As Singapore celebrates its 50th year of independence, it is important to identify what defines its people as Singaporeans, said Mr Baey Yam Keng (Tampines GRC) yesterday in Parliament.
"What reaches and touches the mind, heart and soul of Singaporeans and binds Singaporeans to Singapore?
It cannot be something we do or evoke a celebratory mood every 50 years, or even every year during National Day," he said, as he kicked off the debate on the budget of the Ministry of Culture, Community and Youth.
Noting that it was natural for Singaporeans to be swept up in the mood of SG50 celebrations, he said it was important to channel these positive energies into building a stronger, more united Singapore for the next 50 years.
"What we do today on the occasion of SG50 will define the future of Singapore," said Mr Baey.
The national identities of many citizens of other countries are tied with their racial and cultural identities, he said.
But many Singaporeans are descendants of immigrants, with some of mixed parentage, and so "our racial and cultural identities are actually distinct", he noted.

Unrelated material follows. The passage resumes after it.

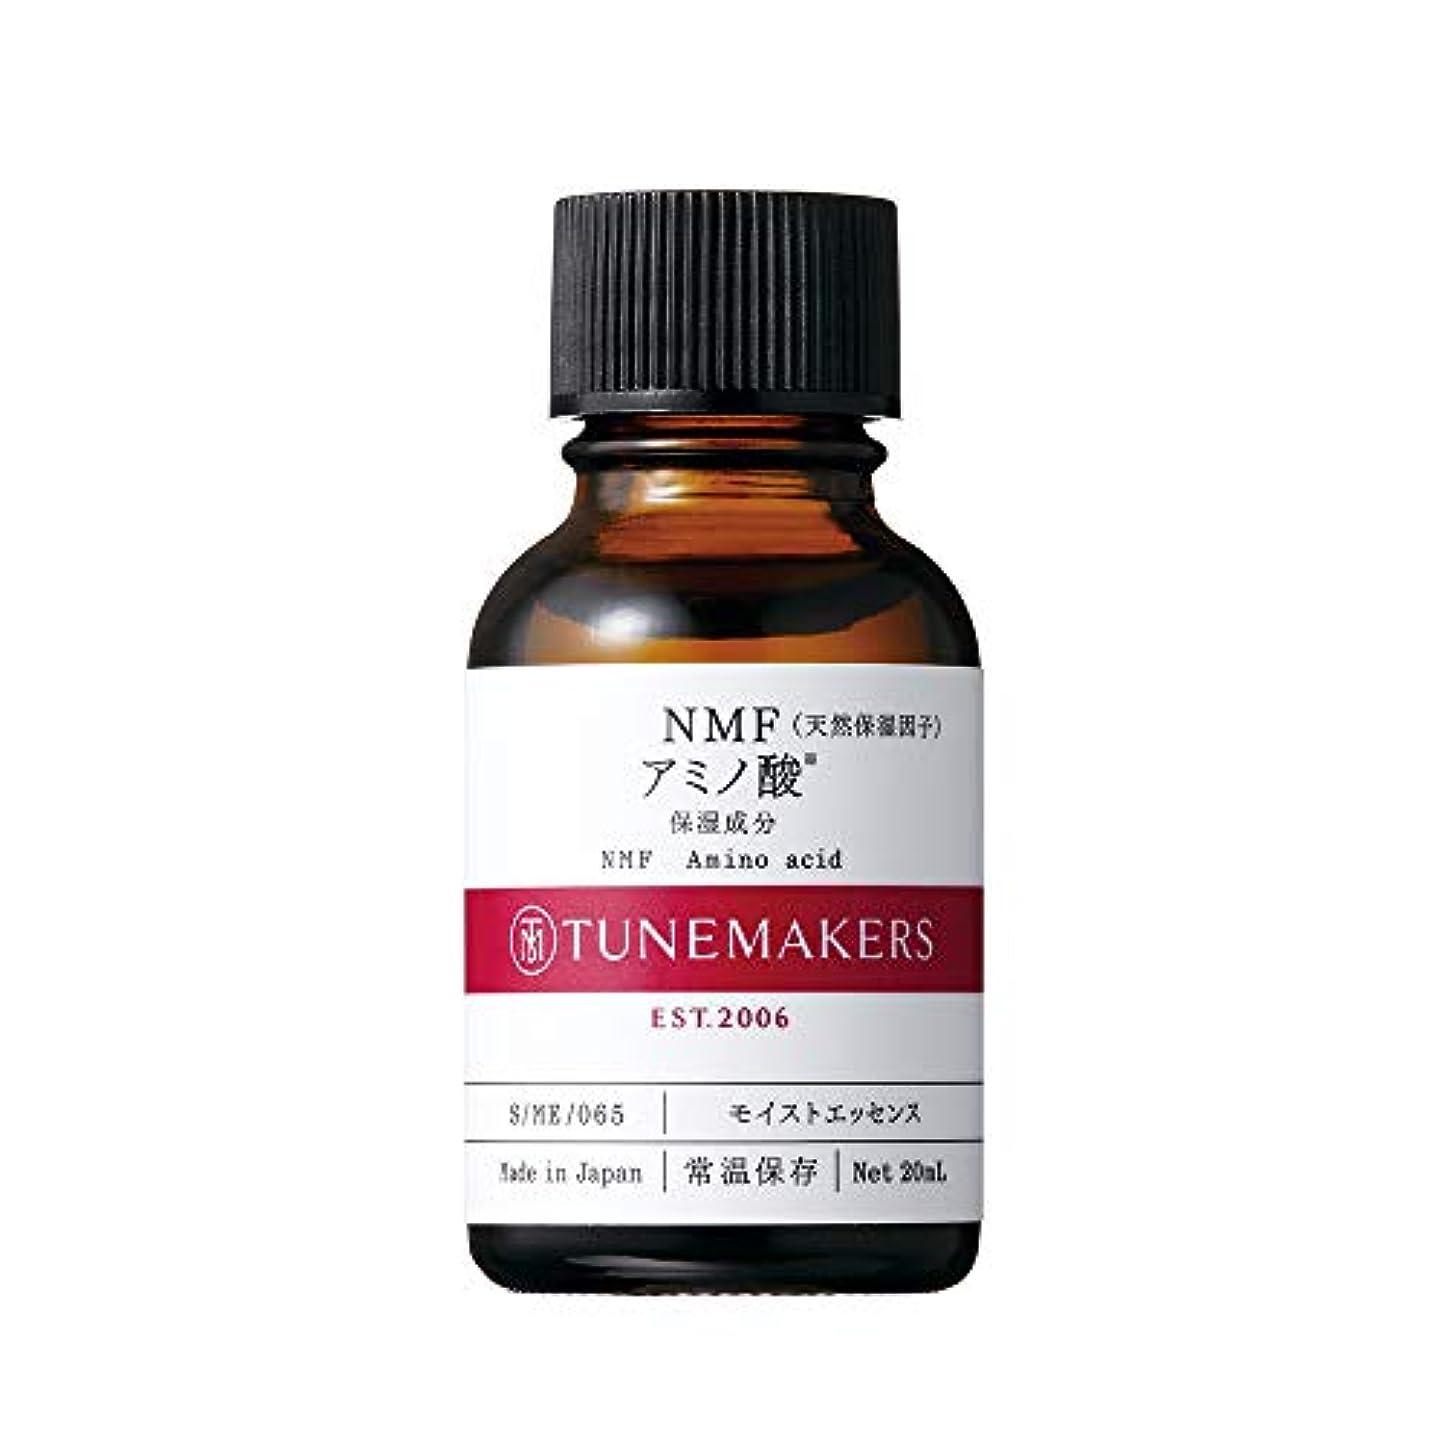 バー蛾胆嚢TUNEMAKERS(チューンメーカーズ) NMF(天然保湿因子) アミノ酸 美容液 20ml

"Yet, we have to embrace and accept all as part and parcel of being Singaporean," he said, adding that as a result, Singapore as a country does not seem to have anything that is very distinctive culturally.
What Singapore does have - such as Singlish - have gained recognition only recently, said the chairman of the Government Parliamentary Committee for Culture, Community and Youth.
Singling out other "uniquely Singaporean" facets that deserve to be celebrated, he cited the xinyao genre of local Chinese songs, which exemplifies a ground-up "passion and pursuit of people with ideas and creativity".
Getai performances represent "street life, coffee shop talk, what an average Singaporean does every day", added Mr Baey.